確かに繰り返されていく、それとも夢かしら

過ぎ去りし人生の窓を覗き込めば

昨日より明日が 古ぼけてみえる

 

詩集『天上の樹々』(2000)より

 

《訳者コメント》

 米国の文学雑誌『CIRCUMFERENSE- poetry in translation』の2004年夏秋号で、モンゴル詩の中から英訳が掲載されたのがこの作品である。

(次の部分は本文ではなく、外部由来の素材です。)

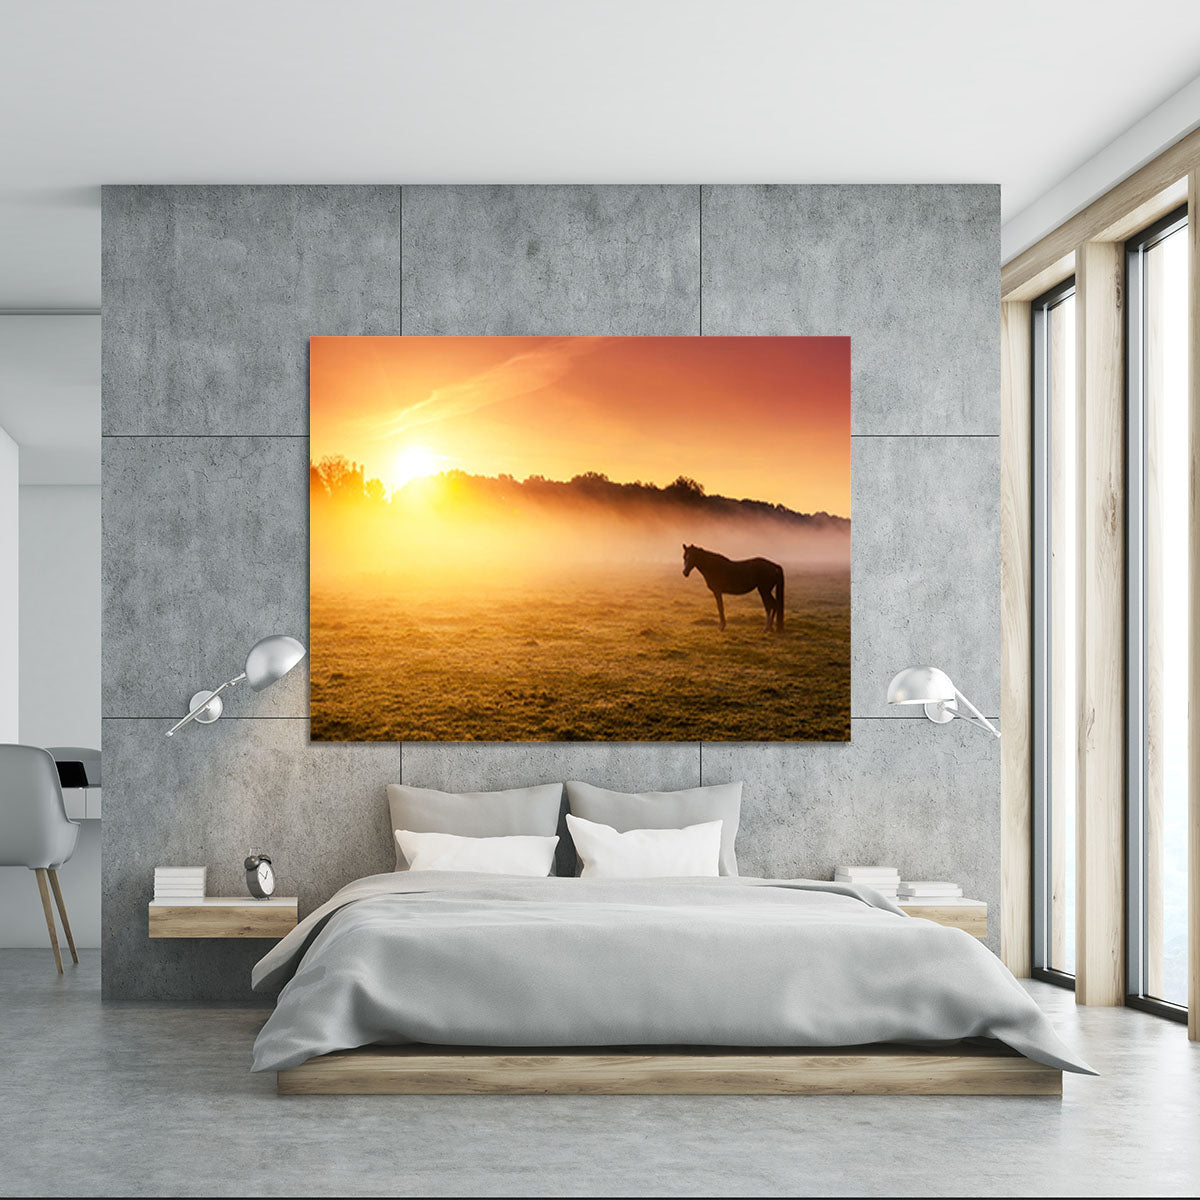 Arabian horses grazing on pasture at sundown in orange sunny beams. Dramatic foggy scene Canvas Print or Poster - Canvas Art Rocks - 5

彼女の作品は、他にもロシア、韓国、ポーランド、ハンガリー語などに翻訳されている。

 

 

 

 「無題」

 

 

静寂と光あふれる碧落の天の下

あなたの腕の中で 息絶えたい

ただあなたの腕の中で わたしは息絶えてしまいたい

無言のまま、遠くをみつめる樹の下・・・

 

わたしたちのそばには人生を呼ぶ雲もなく

それから、そう 

溜息をつく風もない

最期の瞬間(とき) 慟哭の声ひびかす鳥たちの姿もない

ああ、いいね とても静かだね・・・

 

その時 あなたがなにも纏っていなければいい

そうしてそっと微笑んでいるといい

いつだって私を夢中にさせた

その尊大なさまはそのままに・・・

わたしの髪をなでる掌が 震えてなどいなければいい

 

静寂と光あふれる真青な天の下

あなたの腕の中で 息絶えたい

ただあなたの腕の中で わたしは息絶えてしまいたい

無言のまま、遠くをみつめる樹の下

 

遠くをみつめる樹の下、あなたの腕に抱かれて

わたしは生涯を なんの哀しみもなくそこに残して逝こう

その胸にいつまでも響き続ける

たった一言をあなたに訊こう       

《わたしのこと、本当に愛してた?》

 

1999

 

詩集『天上の樹々』(2000)より

 

《訳者コメント》

 ウルズィートゥグスの描く恋愛詩には、どこかストイックな空気が漂っていることが多い。愛情のただなかにいても、自分一人の孤独な場所を常に意識しつづけているかのような印象を受ける。この作品では、甘くなり過ぎない彼女独特のロマンティシズムがよく表わされているように思われる。